Tracy and I were impressed by how well the Mission San Fernando, Rey de España has been restored through the years, and we left thinking our visit was complete. However, when I was on my computer later in the day, I found we had missed something.
Just around the corner from Mission San Fernando, Rey de España is the San Fernando Mission Cemetery, home to some big names in the entertainment industry. Since my office is pretty close to the cemetery, I made a quick visit the following day.
Buried here are such Hollywood stars as Chuck Connors (The Rifleman), William “Fred Mertz” Frawley, Walter Brennan and two others who I decided to pay “visit.”
The first grave I spotted was “Lonesome” George Gobel, who I always remember for his great quote on The Johnny Carson Tonight Show. Following appearances earlier in the show by Bob Hope and Dean Martin, Gobel quipped to Johnny, “Do you ever get the feeling that the world was a tuxedo and you were a pair of brown shoes?” Classic!

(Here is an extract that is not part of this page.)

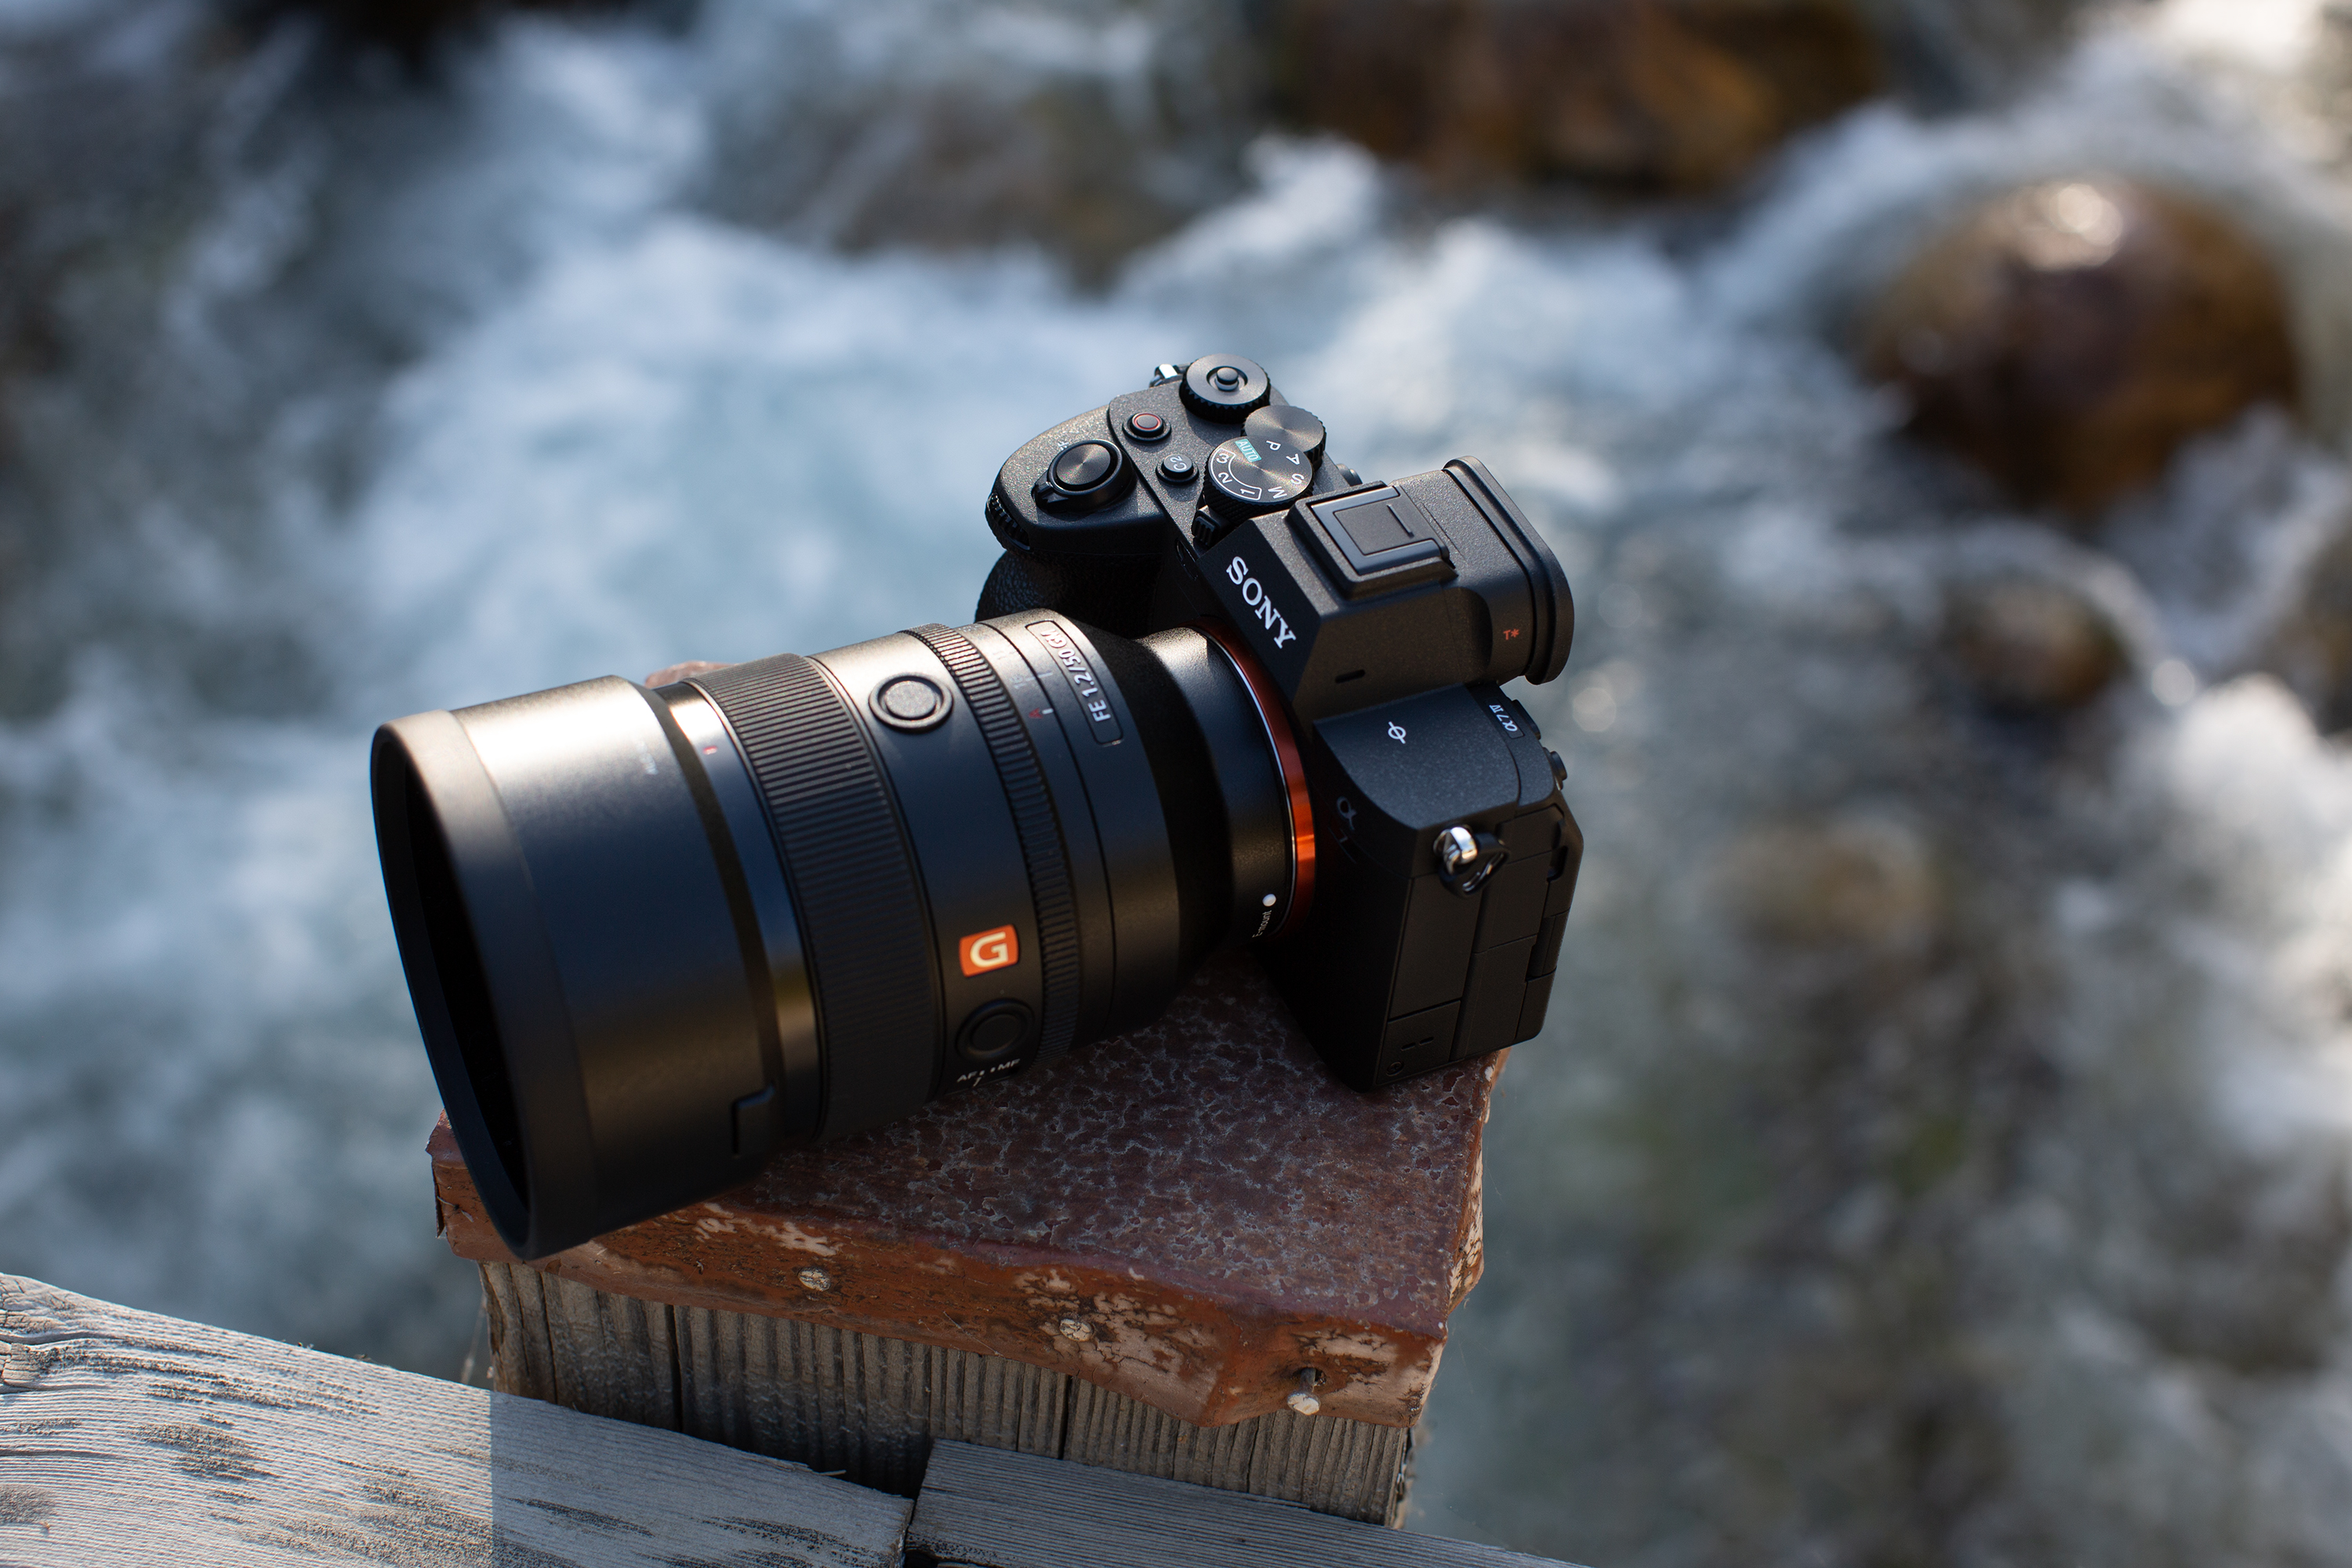 Sony Alpha 7 IV Review

I next stopped by to pay respects to Richard Valenzuela, better known as singer Ritchie Valens, who is buried next to his mom. It was a blistering hot afternoon, so I decided to leave before I joined them six feet under. Both the Mission San Fernando, Rey de España and the San Fernando Mission Cemetery make for an interesting stop if you are visiting Los Angeles or if you live here and have a free couple of hours to spend. And don’t worry, I didn’t see a dog even though the Mission entrance says to beware of one.
Mission San Fernando, Rey de España
15101 San Fernando Mission Blvd
Mission Hills, CA 91345-1109
Hours: Open Daily – 9:00 a.m. – 4:00 p.m.
Closed Thanksgiving Day and Christmas Day
Telephone: (818) 361-0186
California Historical Landmark # 157
San Fernando Mission Cemetery
1160 Stranwood Avenue
Mission Hills, CA 91345-1109
Hours: Monday – Friday – 8:00 a.m. – 5:00 p.m.
Saturday: 8:00 a.m. – 4:00 p.m. • Sunday: 10:00 a.m. – 4:00 p.m.